Qu’est-ce que cette victoire change pour vous ?
Des promoteurs m’ont repéré, donc je vais avoir d’autres combats professionnels à disputer. En rentrant comme ça dans le milieu professionnel, on tape à l’œil de beaucoup de monde : premier combat, KO au premier round, 30 secondes… Des promoteurs et des équipes ont voulu que je signe avec eux directement à Bangkok, mais pour l’instant ça ne m’intéresse pas. Je préfère avoir des opportunités de participer à d’autres événements internationaux, et essayer encore de marquer les esprits !
Vous attendiez-vous à de telles retombées médiatiques ?
Pas du tout ! Je pensais que j’allais rentrer, repartir à l’entraînement, et reprendre ma routine. Je fais quand même tout ça, mais je ne savais pas que ça allait prendre autant d’ampleur.
“Je fais un footing ou je vais à la salle avant d’aller en cours, puis j’ai entraînement de boxe quand la journée est terminée”
Vous vous entraînez au CNSD (Centre National des Sports de la Défense)…
Oui, et aussi à l’USM Melun. J’ai commencé au CNSD, j’y ai appris la boxe et ses valeurs, je m’y suis constitué un bon bagage technique.
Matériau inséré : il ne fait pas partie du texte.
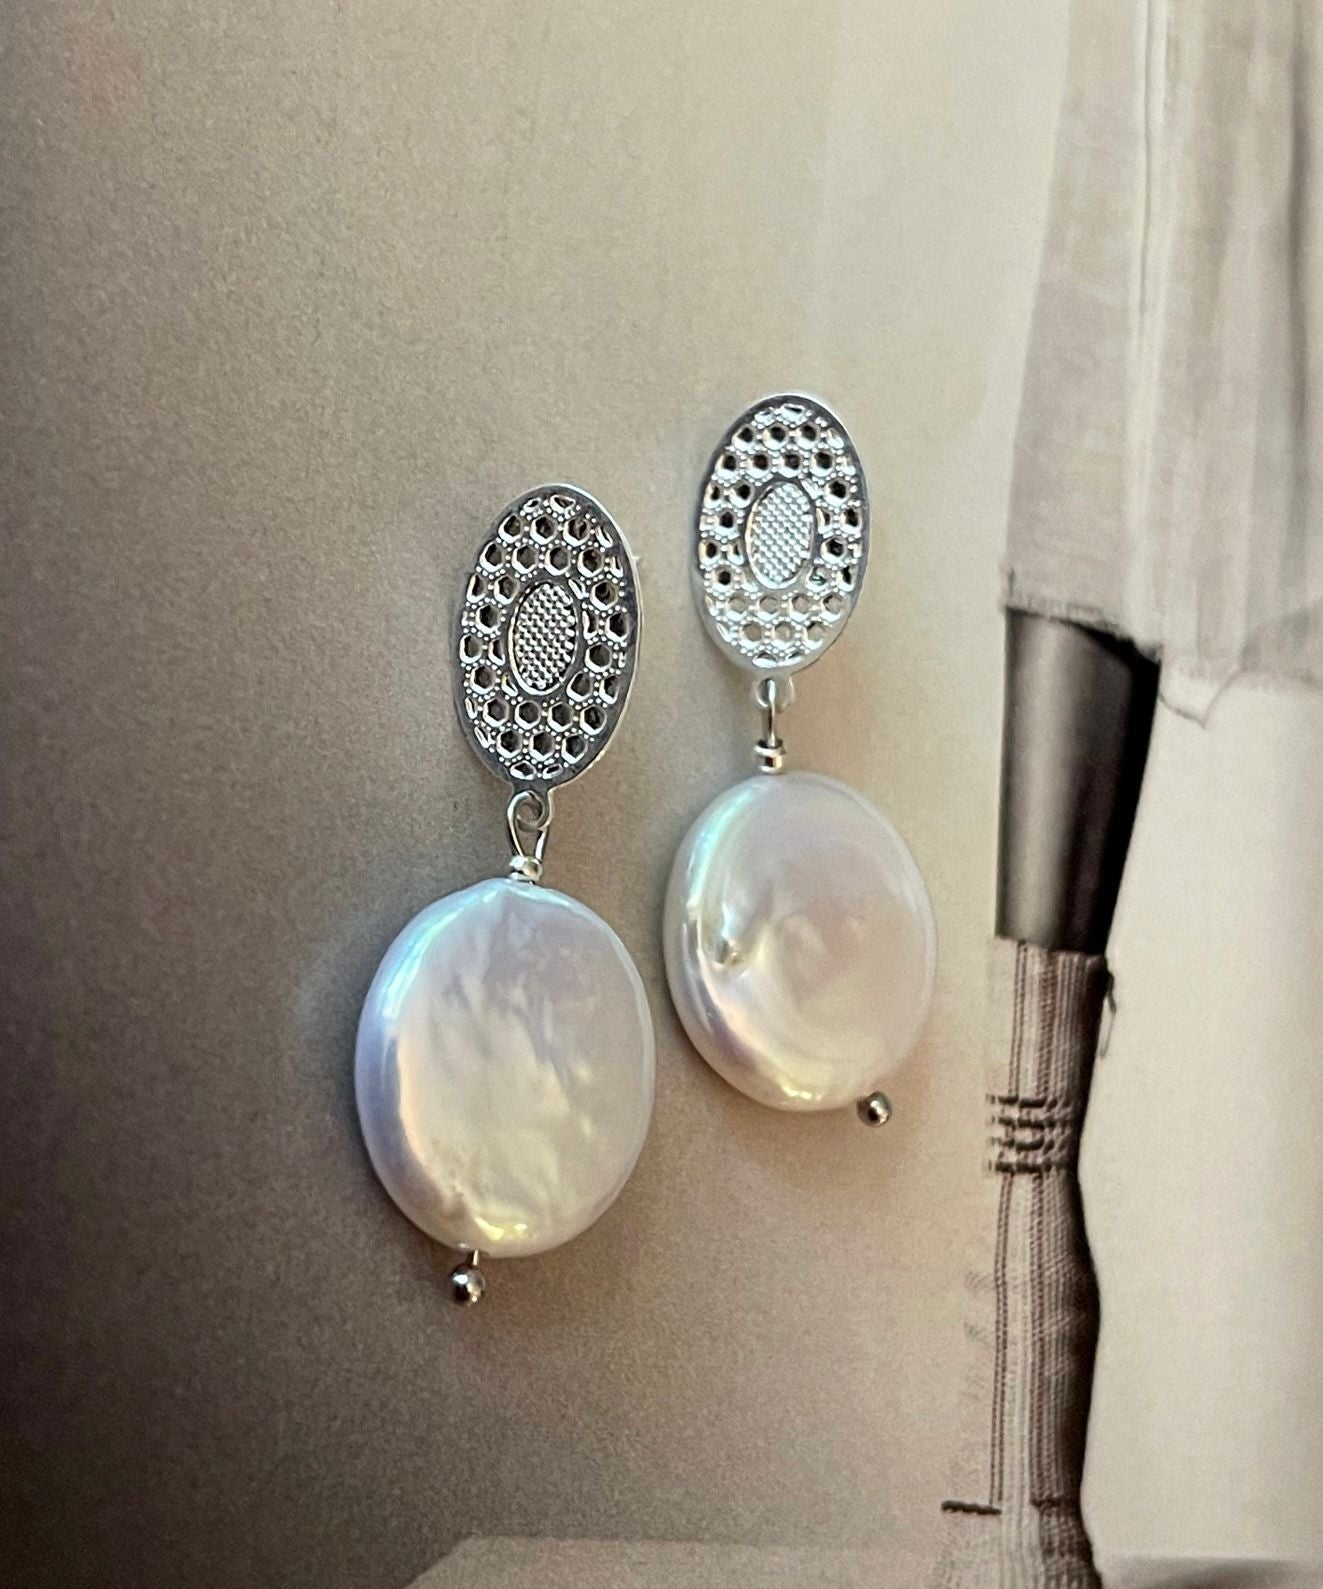 Aros Hippie Chic bañados en plata, base con diseño y perla natural blanca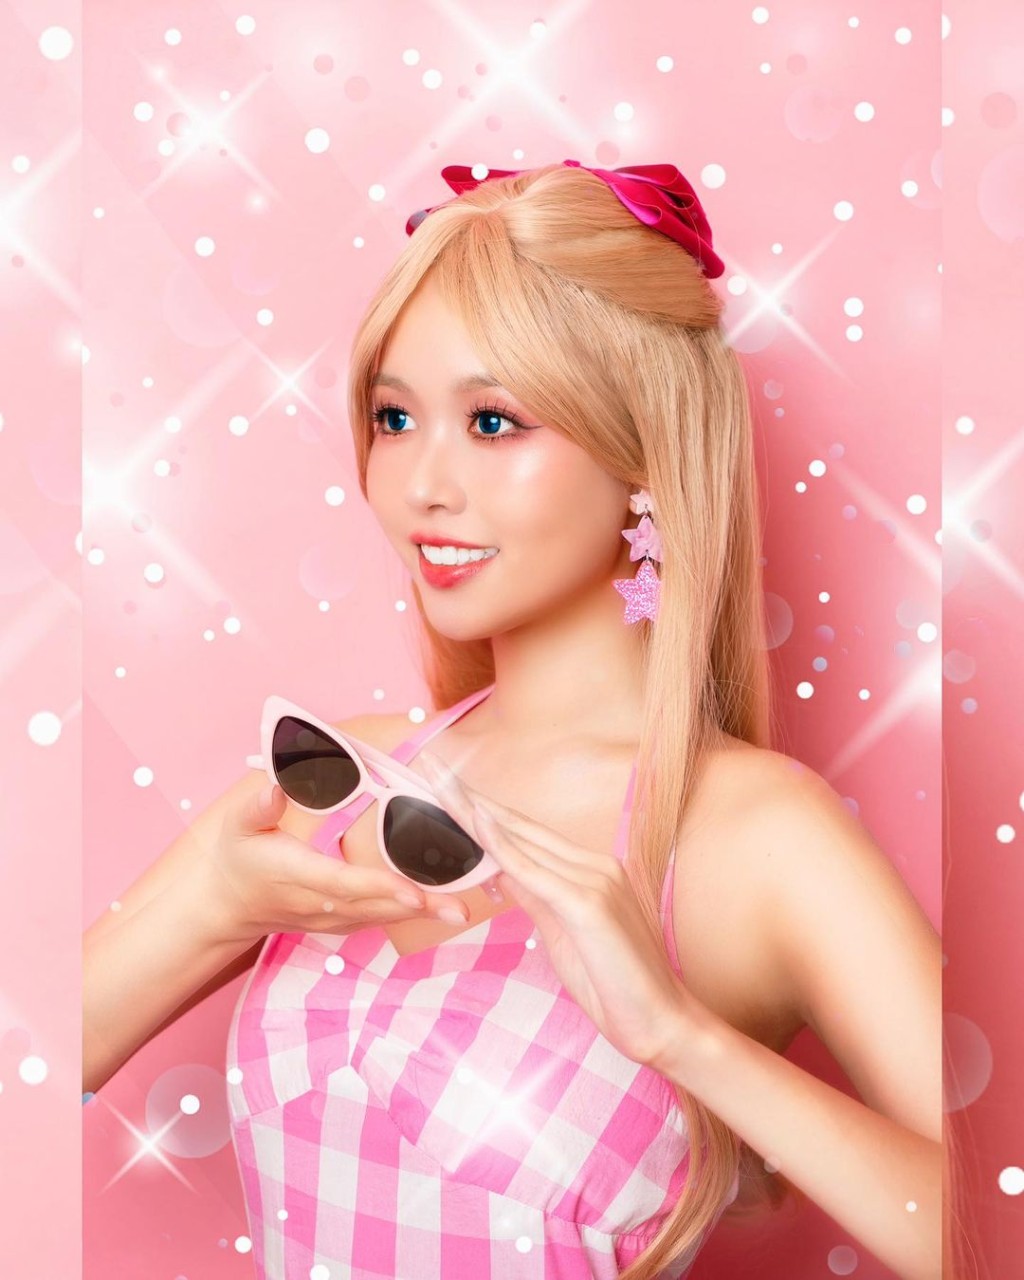 李芷晴穿上粉红装束扮Barbie。

À Melun, c’est plus centré sur l’intensité, on boxe vraiment dans le rouge, on y va à fond. Les deux structures se complètent très bien.
Vous suivez en parallèle un master CCA. Comment parvenez-vous à jongler entre vos études et vos entraînements intensifs ?
Le matin, avant de prendre le train pour aller en cours à Paris (il habite à Avon en Seine-et-Marne), je vais faire un footing ou je vais à la salle. J’y fais de la musculation, du renforcement musculaire. Puis le soir, dès que la journée est terminée, j’ai entraînement de boxe. Mais comme je n’ai pas trouvé d’alternance pour mon master, je vais devoir l’arrêter en janvier, et je le reprendrai en septembre après avoir trouvé une alternance. J’ai commencé à chercher trop tard pour cette année, je vais m’y prendre plus tôt cette fois-ci.
Quelles autres contraintes rencontrez-vous ?
Le plus compliqué, c’est quand un combat approche. La préparation est fatigante et surtout, le régime alimentaire est difficile à suivre, ce qui joue sur le mental. À midi, quand je suis à l’école, je ne peux pas manger ce que je veux. Je ramène donc une gamelle de chez moi, avec un pavé de saumon ou de thon, accompagné d’épinards ou de haricots verts. Je dois perdre du poids, donc je privilégie vraiment les légumes verts et le poisson. Tout ce qui est pâtes, viande, j’arrête, et je bois bien sûr beaucoup d’eau.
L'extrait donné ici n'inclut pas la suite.